2012年9月25日火曜日

デモが止んだホントの理由


 日本製品の購入を控えよう!
 なんて言う話があるようだが、実際のところ上海で生活しているとそんな事いっさい忘れてしまうくらいまったくもって何も変化を感じられないくらいである。

 一昨日の日曜日にユニクロに行ってきた。上海の中心、南京西路にあるフラッグショップである。

 開店前には入り口付近にパトカーが止まっていたり、警備の人が立っていたりなんだかやっぱりいつもとはちょっと違う重々しい雰囲気をかもしていたが、開店してみればそんな危惧は粉々に吹き飛ばされるくらい、みじんも感じさせない大盛況ぶりをみせていた。

 中国における反日デモは、例の「満州事変」の9月18日をピークに、突如ピタリと止んでしまっている。
 この理由は、反日デモの破壊行為を危惧した政府が押さえ込んだ結果、と報じられているが、実際のところは、それだけではないようだ。そもそも破壊行為自体、もともと政府は見て見ぬ振りをしてきている訳で、その懸念だけではココまで完全にデモを封じ込めるのは難しいはずである。

 最大の理由は、実のところ今回の「反日デモ」が、一部「反政府デモ」へと変わっていった事、にあるようである。

 普段こそはナカナカ表に出てこないので分かりずらいのだが、反政府思想は今やあらゆるところに溢れているようで、こうした何らかの「きっかけ」をかわきりに、突如表面に現れる事があるようだ。このような勢力が大きく盛り上がってしまうと、事態はかつての「天安門事件」のようにトンでもない事になりかねないし、今や完全な国際社会になっている中国ではアノ頃のような暴挙はもはや許されない状況なのだ(もちろん当時だって許されないのだが)。

 従ってデモを起こすというのはある意味政府にとっては非常に危険な行為でもあり、普段はこのような「大勢が集まって何らかの主義、思想を発信する行為」は禁止されているのが現状である。

 そんな訳で大規模デモの周りには必ずと言っていいほど、警察が取り囲んでいる。何か異分子がシナリオに無い行動を起こそうものなら、すぐにモミ消してしまえるようになっているのである。今回、デモが突如押さえ込まれた理由としては、この反政府分子の勢力が、そもそも思っていた以上に大きかったため、という風にも考えられそうだ。
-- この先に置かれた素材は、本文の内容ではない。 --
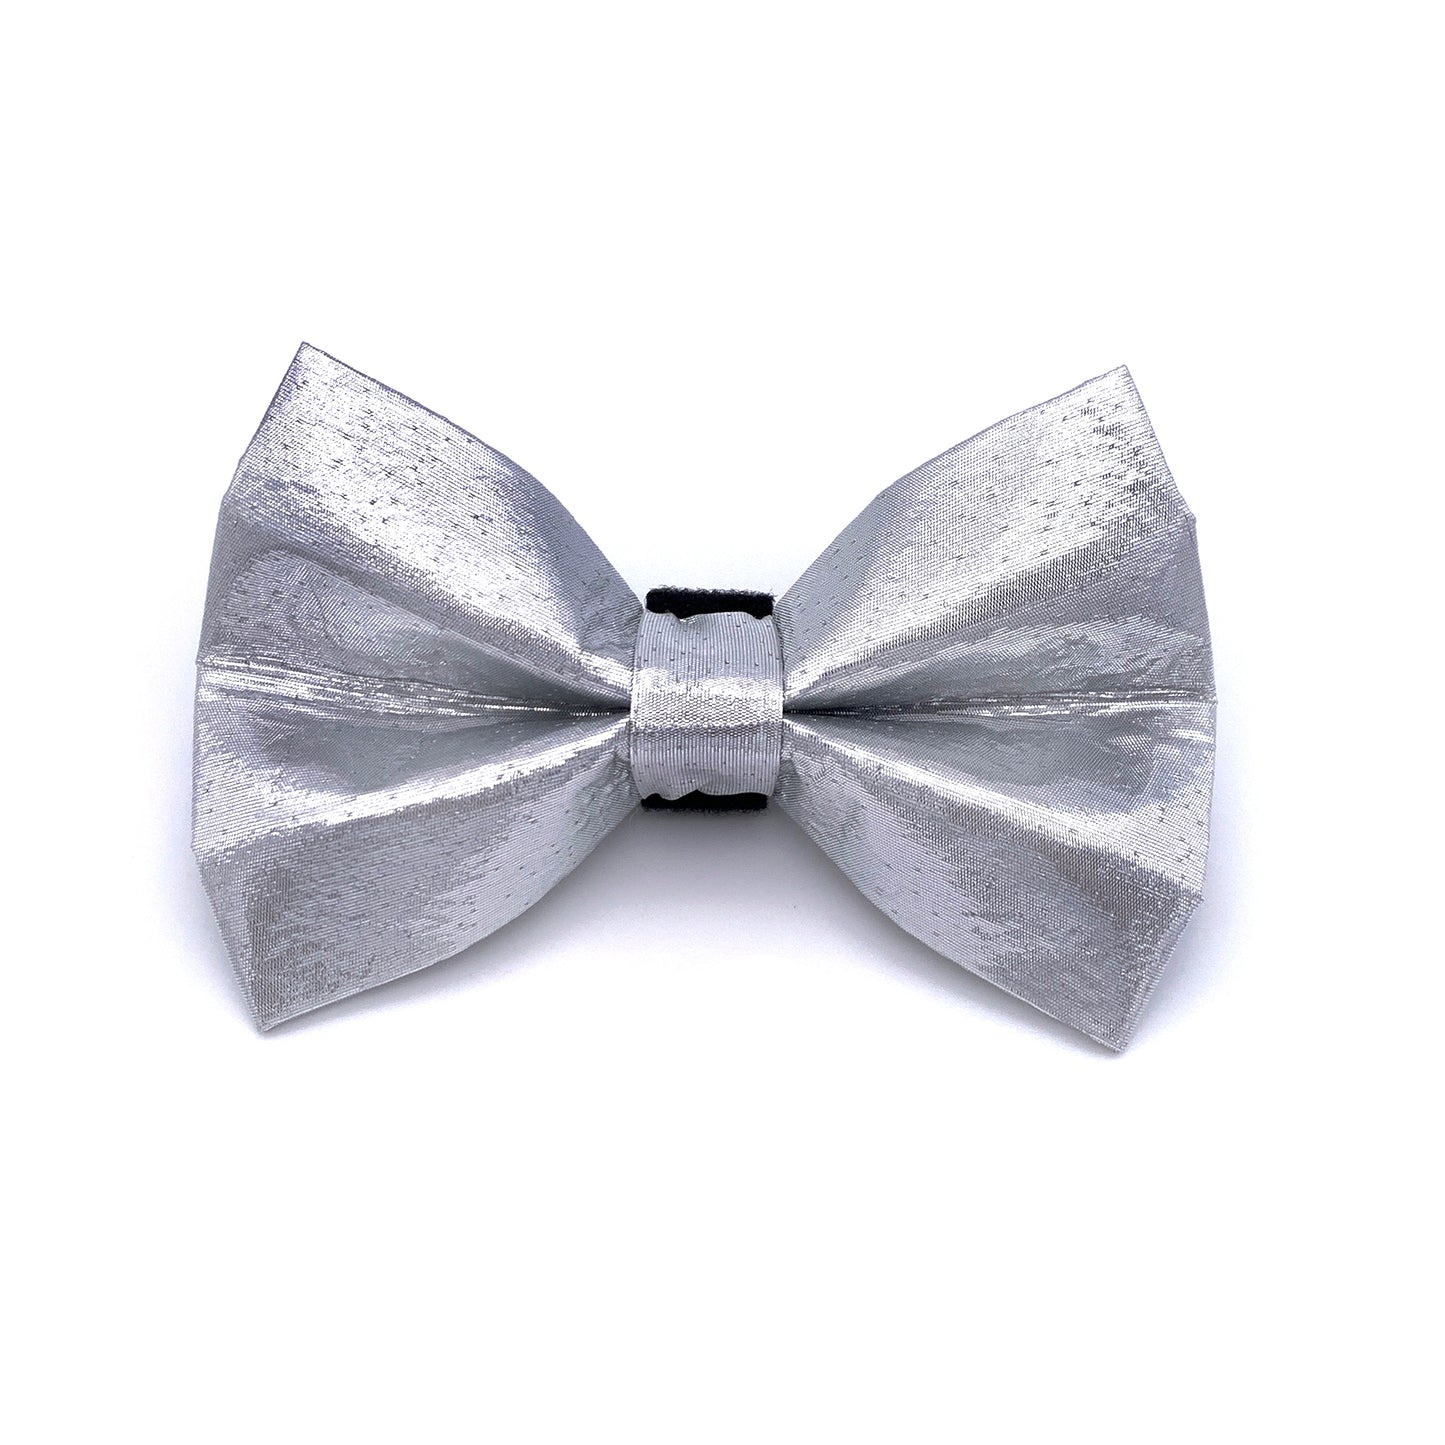 Silver Dog Bow Tie

 また、デモが急になくなったもう一つの大きな理由として、そもそも反日デモ自体が、政府が仕組んで作り上げたものだから、というコトが挙げられる。

 今や政府を擁護するようなカタチの思想活動として、「国民が主体になって行うデモのようなもの」は、「起こりえない」といいきれるくらい、一般人の政府への不満は大きくなってきているようである。今回のデモに関しても、集まったのは結局のところ地方から政府がカネで集めた出稼ぎデモ要員が主体となっていたようである。だからこそ政府の意志で「ピタリと」デモを完全に押さえ込む事ができるのである。

 今回地方都市を中心に多発した日本車破壊行為にしても、同じような事が言えそうだ。先日の報道では、実はかなりタチの悪い連中が仕掛けているようで、破壊行為にまぎれて車上荒らしをしていたグループの一部が逮捕された、というのがニュースになっていた。

 しかしながら、これは「中国は正しいカタチで『抗議活動』を行っており、破壊行為を働いているのは『政府とは全く関係のない輩』である」と国際社会へアピールする為のパフォーマンスすぎないようだ。

 日本車破壊行為が地方都市にしか起きていないのは、結局のところ上海や北京、香港などの国際都市でこのような野蛮な行為をしては国際社会への影響が大きすぎる、というのが分かりきっていた事が原因で、わざと破壊行為は地方都市を中心に、と決め込んでいたとしか考えられない。

 報道というのはおもしろいもので、デモのシーンを流して「どこどこのデモの様子」といってしまえば、その「どこどこ」の状況はもう「ヤバイ!」と思えてしまうものなのである。ところが実のところはどれほどの規模なのか、実際現地でその状況を感じてみなければナカナカに分からないのが事実だ。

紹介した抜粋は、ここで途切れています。